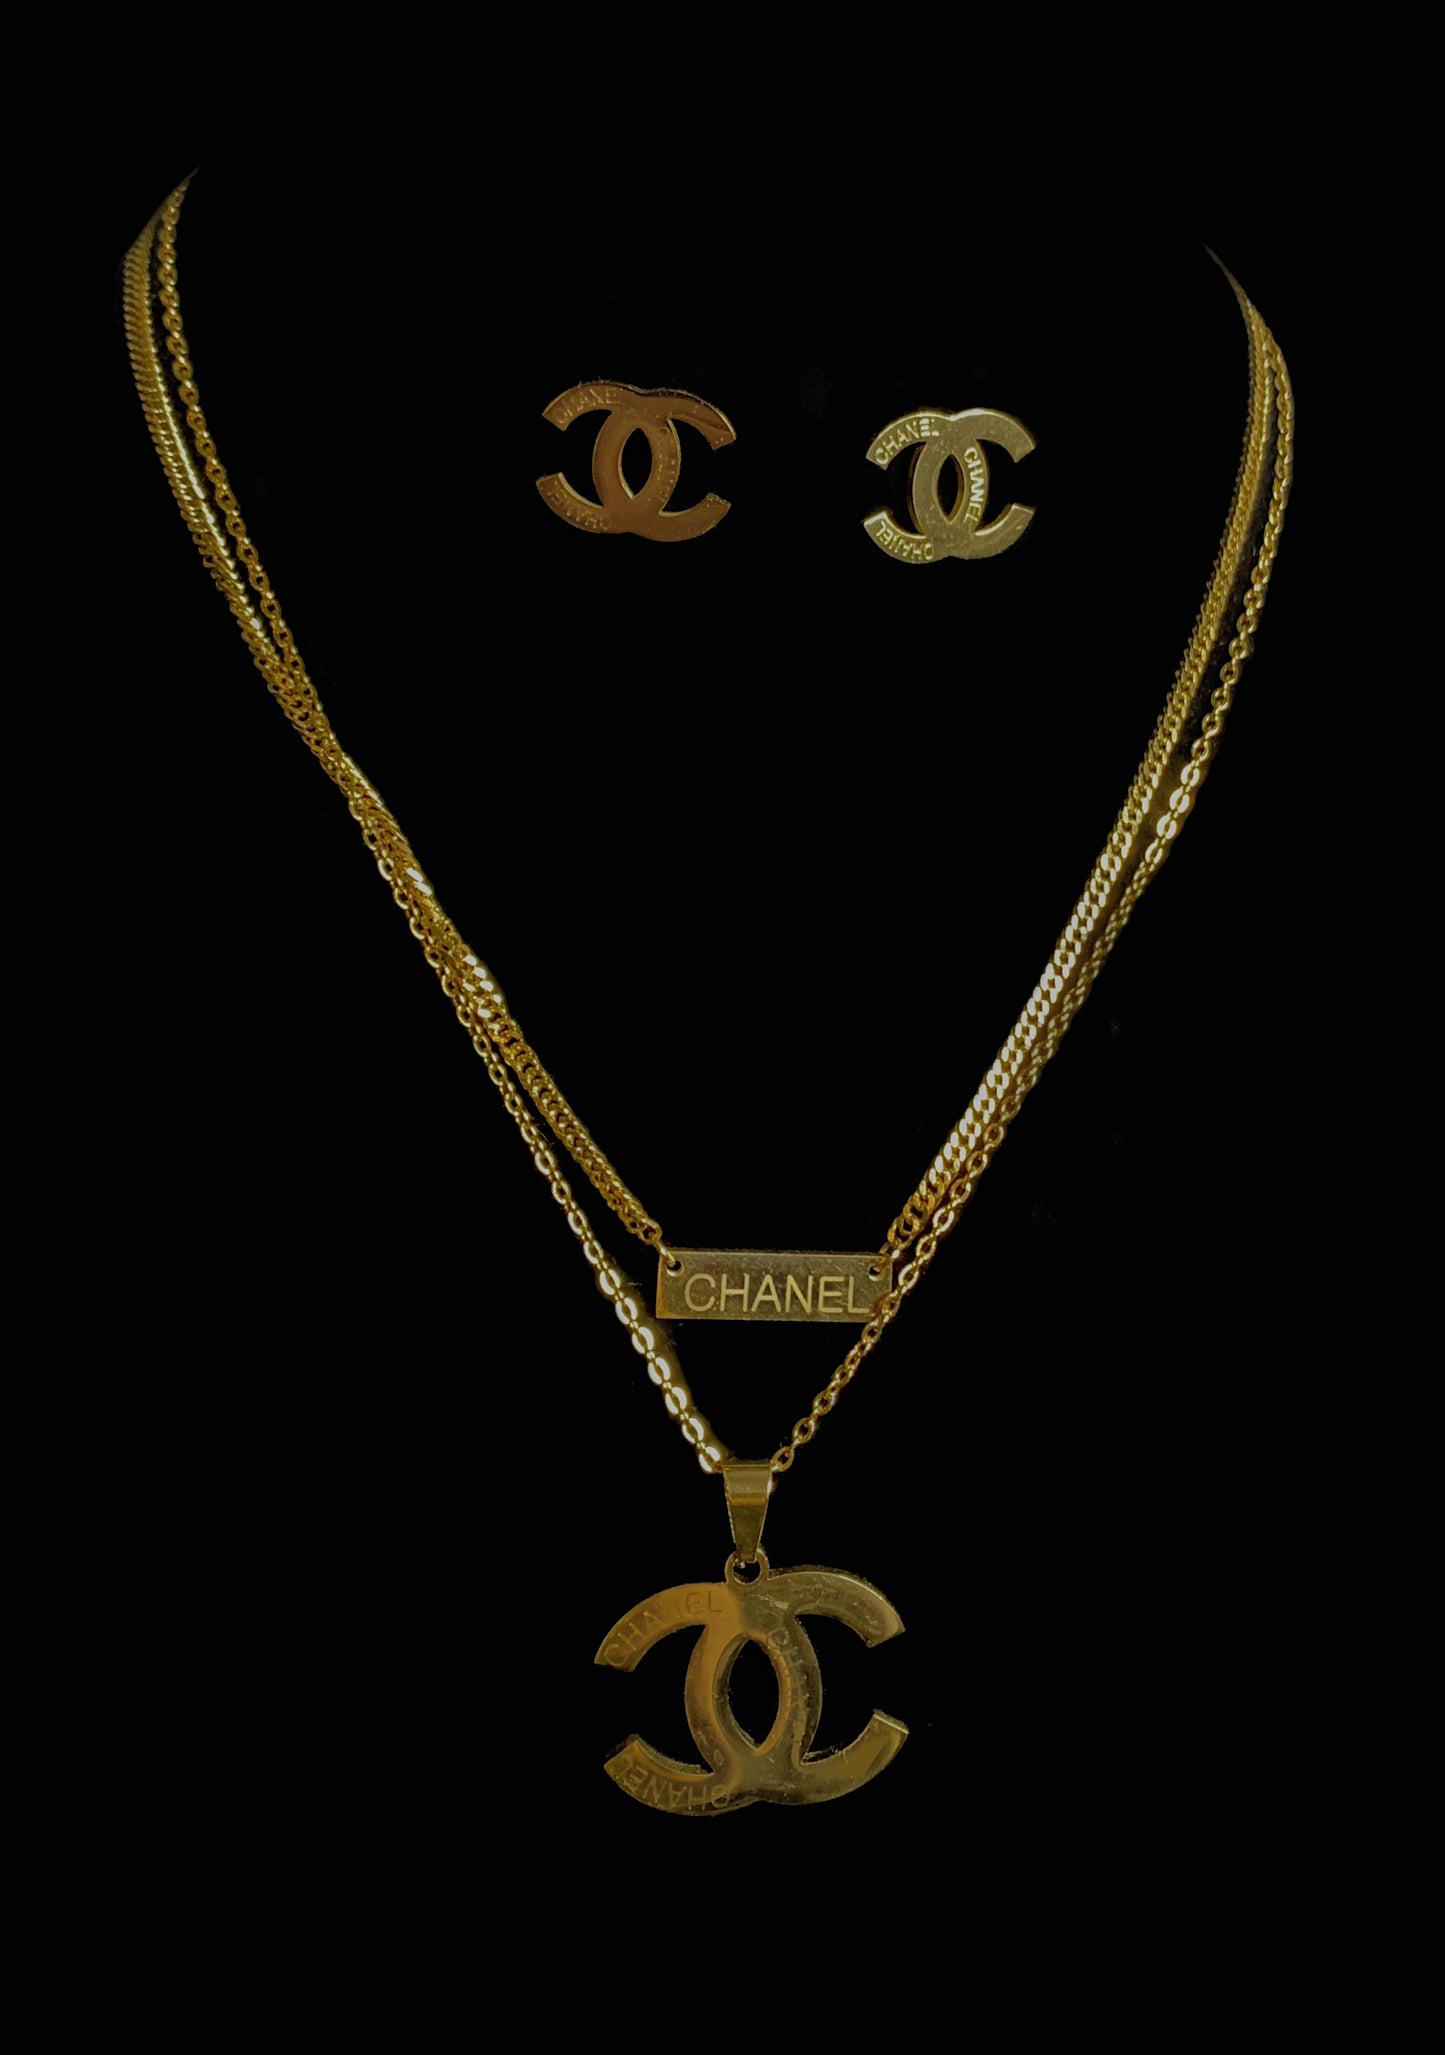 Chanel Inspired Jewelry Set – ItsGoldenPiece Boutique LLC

|---|

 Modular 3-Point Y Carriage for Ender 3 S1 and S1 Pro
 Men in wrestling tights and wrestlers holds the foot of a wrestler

|---|

YOUR TASK:
What are the lines, exactly as written above, from the line with "Modular 3-Point Y" to the line with "Men in wrestling", both included? Output only those.

RESULT FOR THIS EXERCISE:
 Modular 3-Point Y Carriage for Ender 3 S1 and S1 Pro
 Men in wrestling tights and wrestlers holds the foot of a wrestler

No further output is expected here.